Introduction

In 2016, an estimated 10,380 children and adolescents between the ages of 0 and 14 years were diagnosed with cancer in the United States [1]. Each year, approximately 40,000 children undergo cancer treatment [2] and more than 60% participate in a clinical trial [3, 4]. Treatments are associated with high degrees of symptom burden, which have both subtle and visible effects on children. For example, nearly 50% of children experience treatment-related fatigue and 30% experience treatment-related pain, nausea, cough, lack of appetite, and psychological deteriorations [5]. Unpleasant side effects may result in significant decrements in physical, mental, emotional, and social health domains as well as disruptions in primary and secondary education, which are of great concern in this young patient population [6,7,8,9,10,11,12].

In the past 20 years in pediatric oncology, there has been an increasing recognition of self-reporting being the gold standard for subjective health status indicators, including symptom burden and health-related quality of life (HRQOL) [13, 14]. Objective indicators of symptom burden may not accurately reflect unobservable symptoms that could be better captured by subjective reports of symptom experiences. That is, an objective symptom experience such as a skin ulceration may be more amenable to parent or clinician report, but an unobservable symptom experience such as nausea may be better represented by a child’s own self-report. Several pediatric oncology studies have found that compared to child self-report, clinicians often under-report both the prevalence and severity of subjective treatment-related symptoms experienced by children [15,16,17,18]. Studies on the agreement between children and parent proxy symptom reports have found that parents’ scores only agree fairly to moderately with their children’s self-reports with correlations ranging from 0.30 to 0.49 [8, 9, 15, 19,20,21,22,23]. These research findings indicate that clinician or parental proxy reports of cancer treatment burden for the ill child may not accurately reflect views from the child’s perspective [24]. As such, it is imperative for us to better understand the child’s experience in order to provide more patient-centered care in pediatric oncology.

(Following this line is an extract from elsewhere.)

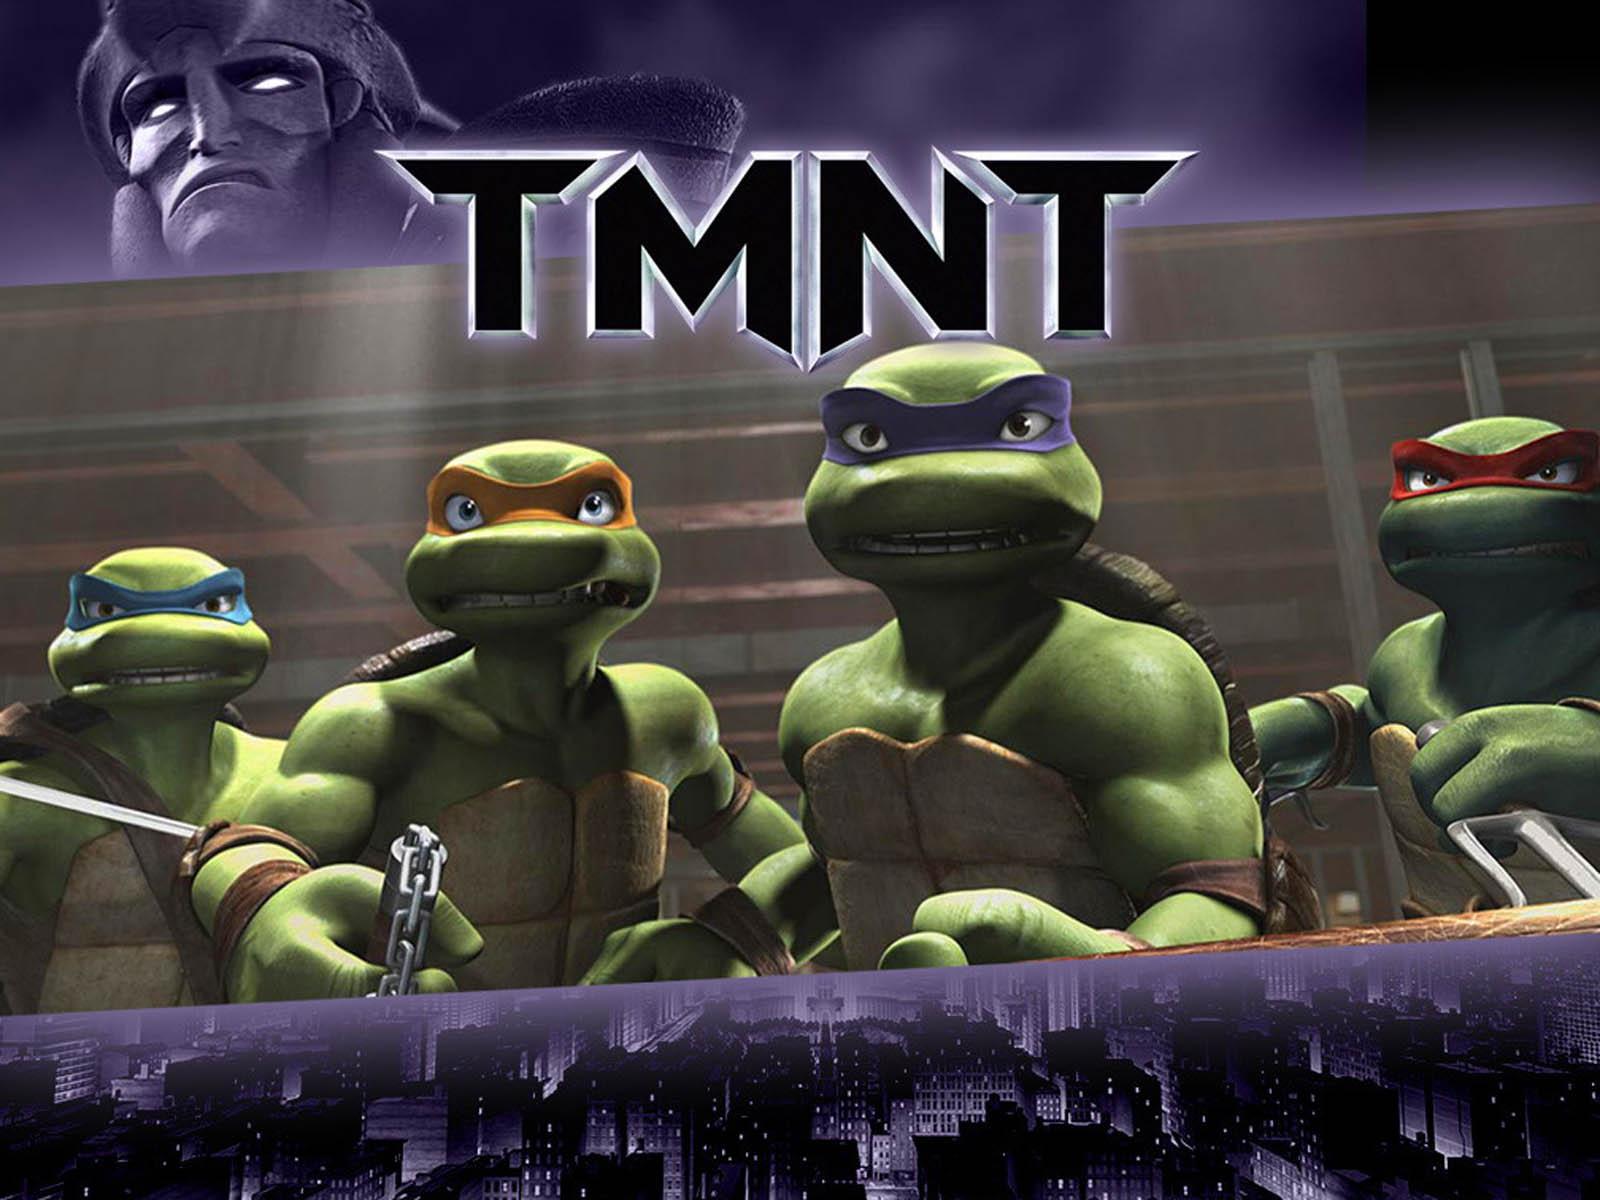 http://1.bp.blogspot.com/-u2xluguhYsg/T8cWgEE9raI/AAAAAAAADU0/l_sI_W2n5I8/s1600/Teenage+Mutant+Ninja+Turtles+(TMNT).jpg

Several self-report symptom instruments have been developed and used in pediatric oncology. However, these instruments differ in important ways including: symptoms assessed, number of questions asked, reference period used, phrasing of questions, and number and type of response options. Differences often reflect the respective study’s target population, with consideration of type of cancer, developmental stage, and/or the chronological age of the children being studied. There is also variation in the type and quality of psychometric evidence supporting existing pediatric self-report instruments. For example, some instruments used in pediatric oncology have not actually been validated in children (only in adults) whereas others have been validated in children, but not those with cancer (Fig. 1).

Fig. 1
figure 1

PRISMA [25] diagram of studies of pediatric self-report symptom measures in children undergoing active cancer treatment

The objective of the current study was to conduct a systematic literature review to identify and evaluate available English language instruments for measuring self-reported symptoms in children and adolescents undergoing cancer treatment. We evaluated the evidence regarding the psychometric properties of each identified instrument, whether or not the evidence derived was from cross-sectional or longitudinal evaluations, and if the instrument was used in a clinical trial. Based on the evidence, we offer recommendations regarding which self-report instruments are ready for use in pediatric oncology research. Findings from our comprehensive systematic review will help inform longitudinal studies, comparative effectiveness research studies, patient-centered outcomes research studies, and clinical trials that are interested in using self-report symptom instruments in pediatric oncology.

Methods

Literature search strategy

A comprehensive literature search was conducted in MEDLINE/PubMed, EMBASE, CINAHL, and PsycINFO, to identify relevant articles from each database’s inception through November 10, 2016. The literature search included Medical Subject Headings (MeSH), Emtree headings, and related text and keyword searches when appropriate, focusing on terms used to describe self-reported symptom measurements in children and adolescents with cancer (Appendix A).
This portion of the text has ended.